Original author(s) | Burkhard Rost |
---|---|
Developer(s) | Guy Yachdav Laszlo Kajan |
Initial release | 1992 |
Stable release |
1.0.88
|
Operating system | UNIX-based |
Type | Bioinformatics |
License | GPLv2 |
Website | www |
PredictProtein (PP) is an automatic service that searches up-to-date public sequence databases, creates alignments, and predicts aspects of protein structure and function. Users send a protein sequence and receive a single file with results from database comparisons and prediction methods. PP went online in 1992 at the European Molecular Biology Laboratory; since 1999 it has operated from Columbia University and in 2009 it moved to the Technische Universität München. Although many servers have implemented particular aspects, PP remains the most widely used public server for structure prediction: over 1.5 million requests from users in 104 countries have been handled; over 13000 users submitted 10 or more different queries. PP web pages are mirrored in 17 countries on 4 continents. The system is optimized to meet the demands of experimentalists not experienced in bioinformatics. This implied that we focused on incorporating only high-quality methods, and tried to collate results omitting less reliable or less important ones.
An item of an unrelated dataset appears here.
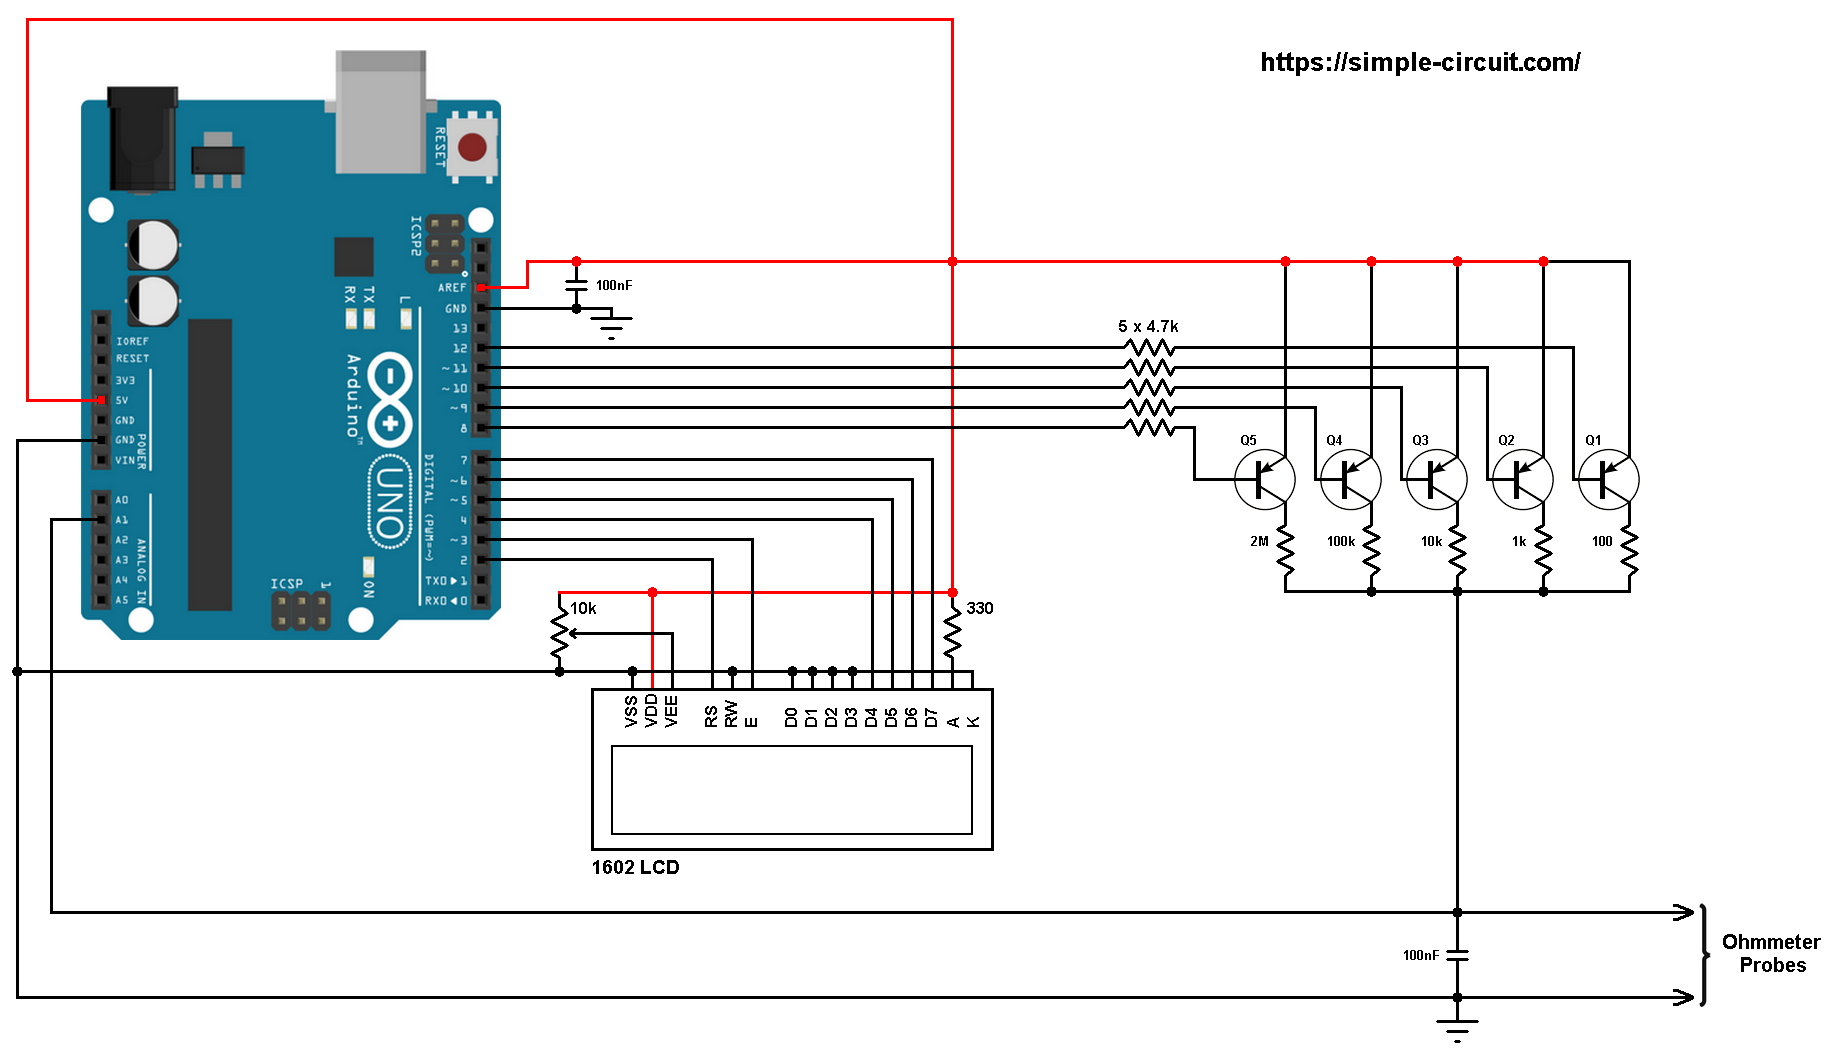 https://simple-circuit.com/wp-content/uploads/2020/01/arduino-autorange-ohmmeter-circuit.png

The attempt to ‘pre-digest’ as much information as possible to simplify the ease of interpreting the results is a unique pillar of PP. For example, by default PP returns only those proteins found in the database that are very likely to have a similar structure to the query protein. Particular predictions, such as those for membrane helices, coiled-coil regions, signal peptides and nuclear localization signals, are not returned if found to be below given probability thresholds.
Users receive a single output file with the following results. Database searches: similar sequences are reported and aligned by a standard, pairwise BLAST, an iterated PSI-BLAST search. Although the pairwise BLAST searches are identical to those obtainable from the NCBI site, the iterated PSI-BLAST is performed on a carefully filtered database to avoid accumulating false positives during the iteration,. A standard search for functional motifs in the PROSITE database. PP now also identifies putative boundaries for structural domains through the CHOP procedure. Structure prediction methods: secondary structure, solvent accessibility and membrane helices predicted by the PHD and PROF programs, membrane strands predicted by PROFtmb, coiled-coil regions by COILS, and inter-residue contacts through PROFcon, low-complexity regions are marked by SEG and long regions with no regular secondary structure are identified by NORSp,. The PHD/PROF programs are only available through PP. The particular way in which PP automatically iterates PSI-BLAST searches and the way in which we decide what to include in sequence families is also unique to PP. The particular aspects of function that are currently embedded explicitly in PP are all somehow related to sub-cellular localization: we detect nuclear localization signals through PredictNLS, we predict localization independent of targeting signals through LOCnet; and annotations homology to proteins involved in cell-cycle control.